Neurofibroma of the ulnar nerve in the carpal canal in a dog: treatment by marginal neurectomy.

Peripheral nerve sheath tumours arising in the plexus or peripheral nerves can be treated by limb amputation. There are few reports of these tumours affecting peripheral nerves in the distal regions of the limbs. Here we describe a case of neurofibroma affecting the palmar branch of the ulnar nerve in an Irish setter. Surgical treatment in the region of the carpus by ulnar neurectomy resulted in resolution of chronic thoracic limb lameness. At 11 months following the surgery, clinical examination and MRI did not detect any evidence of recurrence. Neurectomy may be a feasible option for management of selected cases of distally located peripheral nerve sheath tumours.

INTRODUCTION

Peripheral nerve sheath tumours arise from peripheral or cranial nerves or nerve roots, and often develop from Schwann cells and fibroblasts of the perineurium (Targett et al. 1993). They are classified on the basis of their proximity to the remainder of the nervous system as belonging to the root group (involving nerves adjacent to the brain, brainstem or spinal cord), the plexus group (involving the brachial or lumbosacral plexus) and the peripheral group (distal to the brachial or lumbosacral plexus) (Brehm et al. 1995, Caplan 2013).

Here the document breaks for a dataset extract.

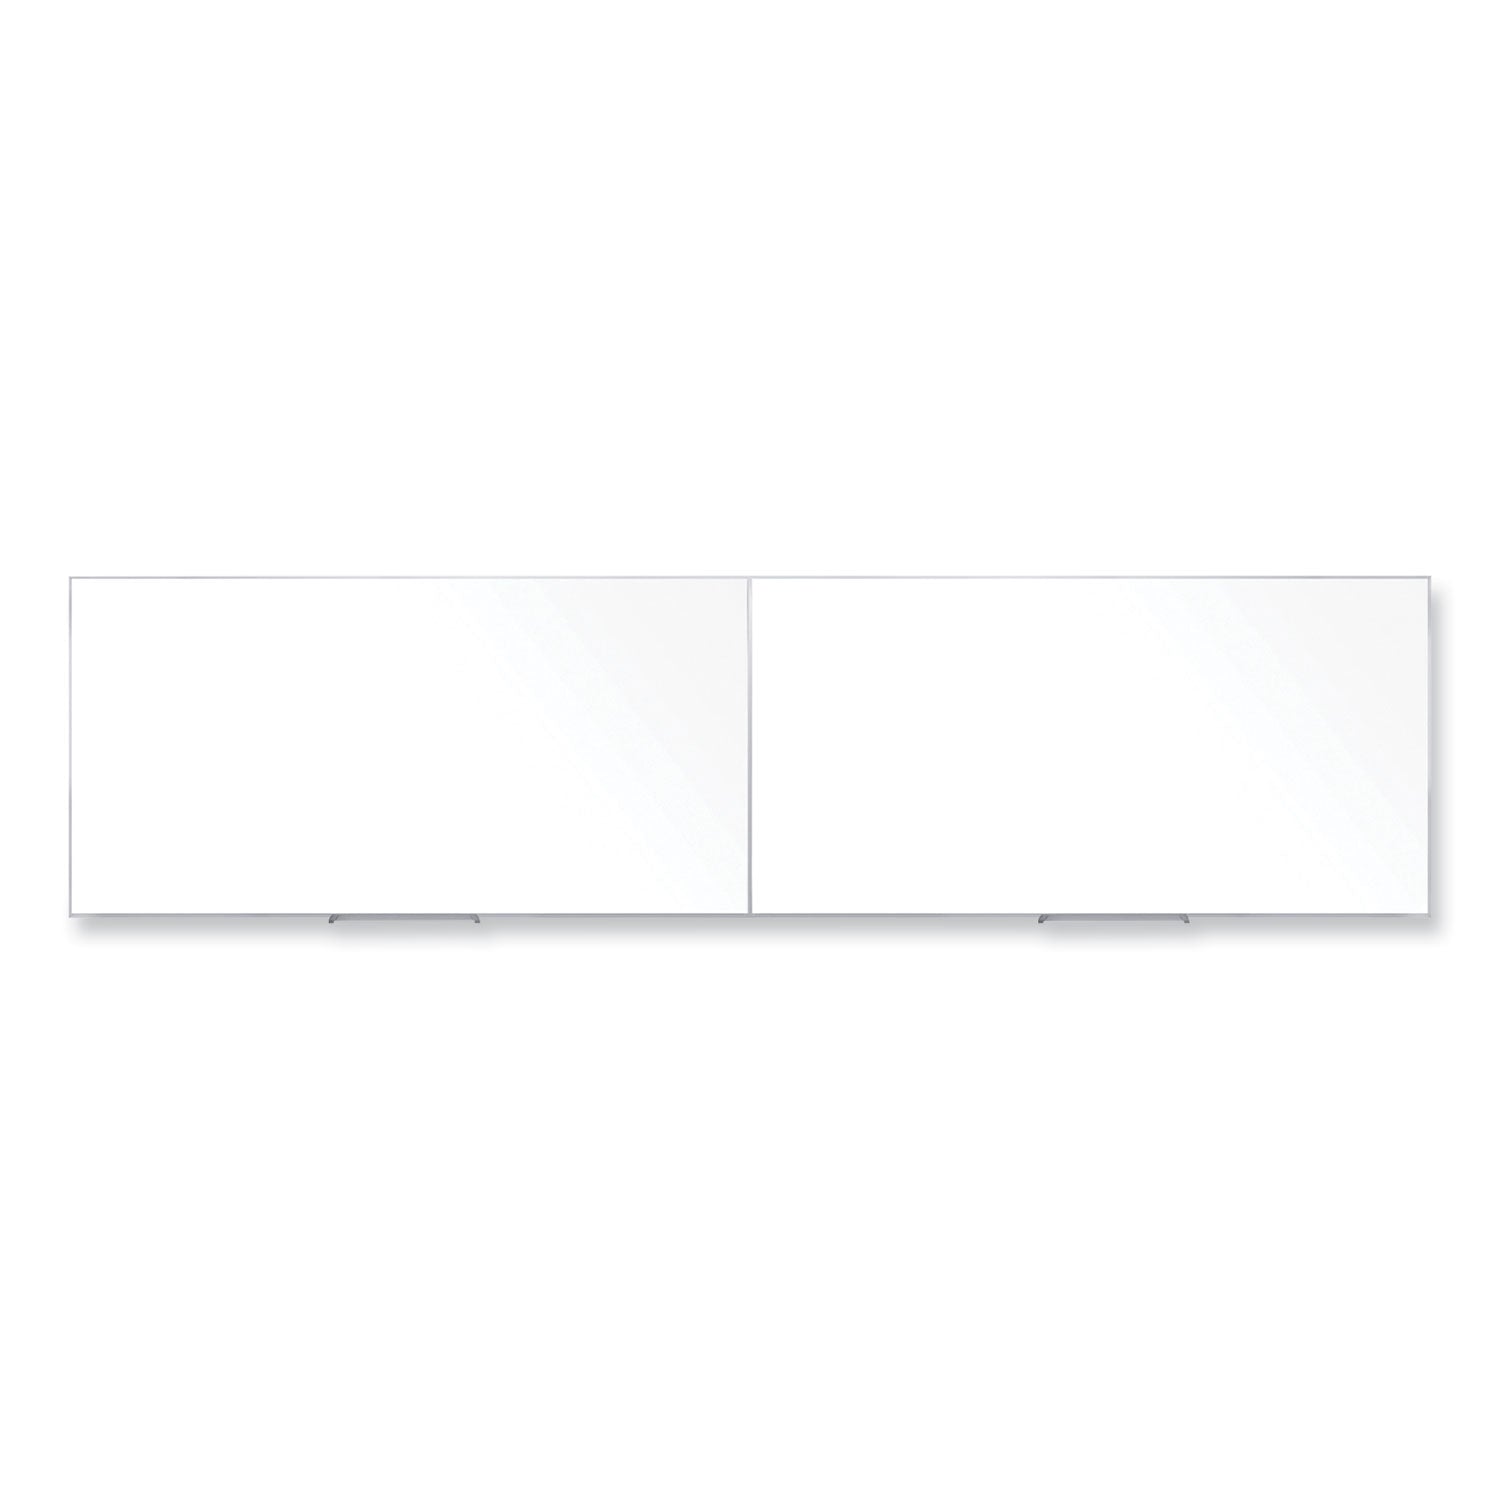 magnetic-porcelain-whiteboard-with-satin-aluminum-frame-193-x-485-white-surface-ships-in-7-10-business-days_ghem14164 - 2

Most peripheral nerve sheath tumours diagnosed in small animals are classified as belonging to the plexus or root group (Caplan 2013) and so neurectomy as the sole treatment is seldom possible because of their involvement of the intervertebral foramen and nerve roots (Caplan 2013).

In contrast, this case report describes results after excision of a peripheral nerve sheath tumour involving the ulnar nerve and reviews the current literature on peripheral nerve sheath tumours in the dog.

CASE HISTORY

A 9‐year‐old spayed female Irish setter was presented to the hospital with the complaint of a 15‐month history of worsening left thoracic limb lameness. The lameness was initially managed with orally administered meloxicam, then a short course of tramadol and paracetamol, which mildly improved the lameness.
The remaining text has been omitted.